Thus, this paper aimed to address the following aspects: (1) Develop various ML models for predicting PGA and PGD by accounting for variability of geotechnical properties. (2) Compare the performance and generalization capabilities of developed ML models. (3) Interpret the output of best-performing ML model and rank the input features based on their impact on PGA and PGD predictions using the unified SHAP technique. (4) Deploy the best-performing ML model through a user-friendly software tool.
2. Methods and Dataset
In this section, we will discuss the methodology adopted to develop and evaluate ML models for predicting PGA and PGD.
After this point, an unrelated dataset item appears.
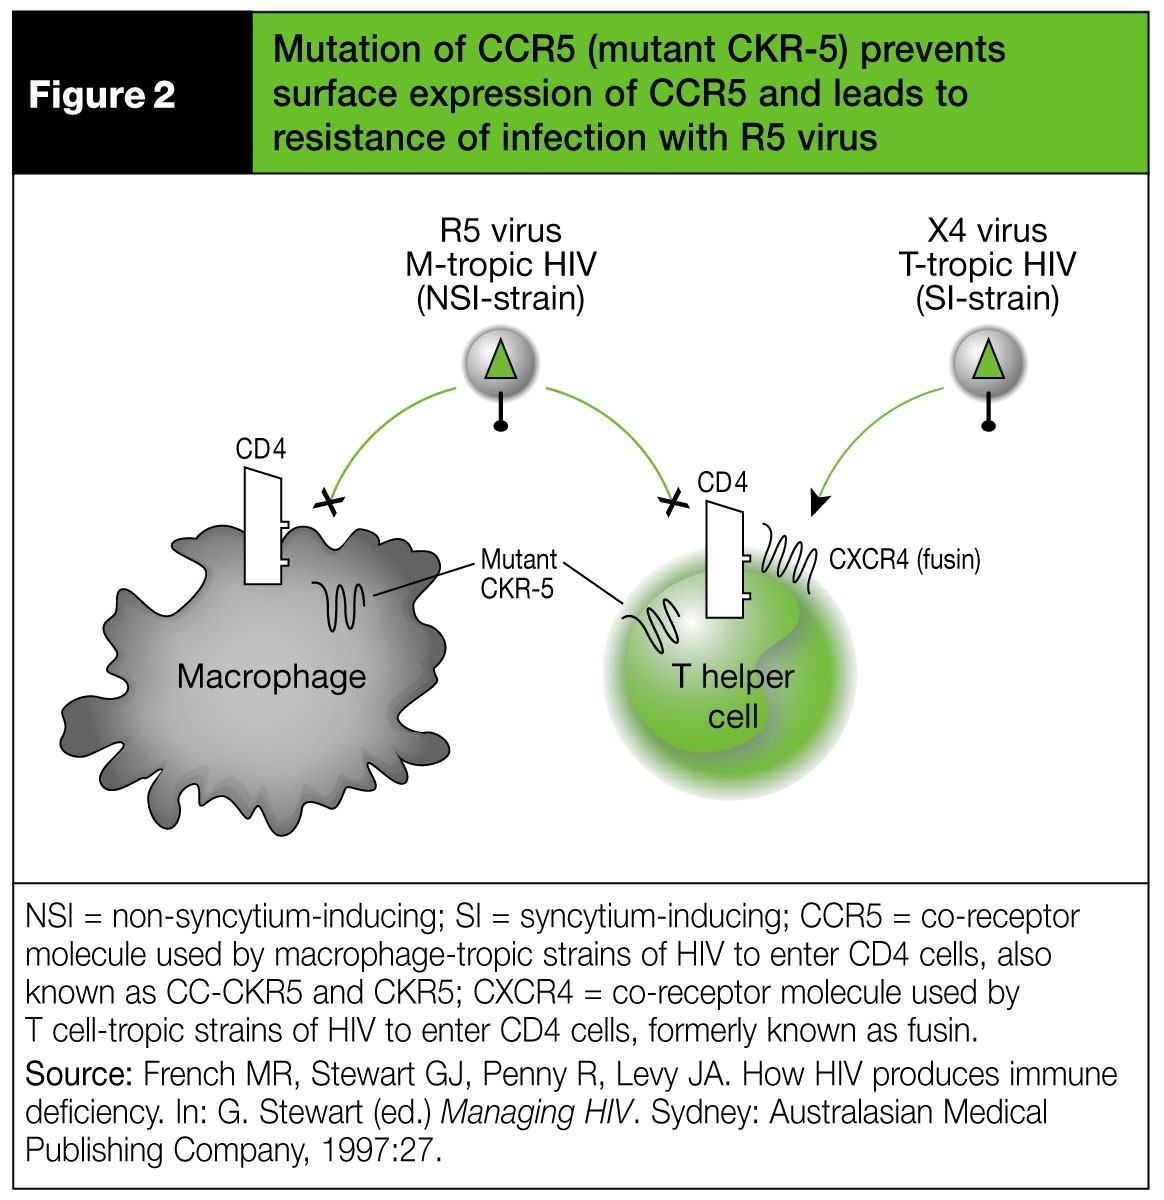 Mutation of CCR5

Figure 1 shows a flowchart of the sequential steps undertaken in this study. As shown in the figure, the initial step begins with generating random soil data using Latin Hypercube Sampling (LHS), which is often preferred over simple Monte Carlo sampling due to its efficiency and ability to sample from entire parameter space. Five variables were selected as input features: reference peak ground acceleration (α
gR), shear-wave velocity (Vs), soil thickness (H), plasticity index (PI), and unit weight of soil (γ), to develop the models. The selection of input features is based on their well-established relevance to seismic site response assessment. For instance, PI serves as an indirect indicator of soil nonlinearity. In equivalent-linear (EQL) site response evaluations, the stress–strain behavior of soils is commonly represented through modulus reduction and damping curves, which are governed by soil plasticity and other soil properties. These nonlinear characteristics were taken into account by varying PI values within the Darendeli [
17] framework.
In reality, some soil properties (e.g., Vs and γ) exhibit correlations with depth or with each other. However, the primary goal of this study was to develop a comprehensive database for training ML models. This approach enables the models to learn from a wide range of soil property combinations, including extreme and less common scenarios, thereby improving their overall generalization capabilities. Consequently, a total of 500 random data points were generated, considering the realistic practical ranges for each input feature. The statistical summary of the generated input feature data is presented in
Table 1. The correlation matrix in
Figure 2 illustrates the relationships between each feature. Diagonal histograms display the distribution of features, and scatter plots in the lower triangle examine pairwise relationships. The upper triangle shows correlation coefficients, which indicate weak correlations between feature pairs. Using generated input feature data, a series of one-dimensional equivalent-linear (1D-EQL) analyses were conducted with the STRATA software. The primary response parameters obtained from the analyses were PGA and PGD at the ground surface level. The PGA and PGD data were then aggregated with the LHS-generated input features data to create a comprehensive dataset. Subsequently, the dataset was split into a training set (80%) and a test set (20%) to train and evaluate the ML models. For the ML models, the five variables (reference peak ground acceleration, shear-wave velocity, soil thickness, plasticity index, and unit weight of soil) serve as input features while PGA and PGD serve as target variables. The hyperparameters of each model were optimized using a next-generation hyperparameter optimization, Optuna [
18] framework. Hyperparameter optimization was performed exclusively on the training set through 5-fold cross-validation. The prediction performance of the optimized models was assessed on the test dataset using various statistical metrics. The best-performing model’s output was further interpreted using SHAP analysis to understand the contribution of each input feature to the predictions. Finally, the model was deployed as a web-based application tool for practical use.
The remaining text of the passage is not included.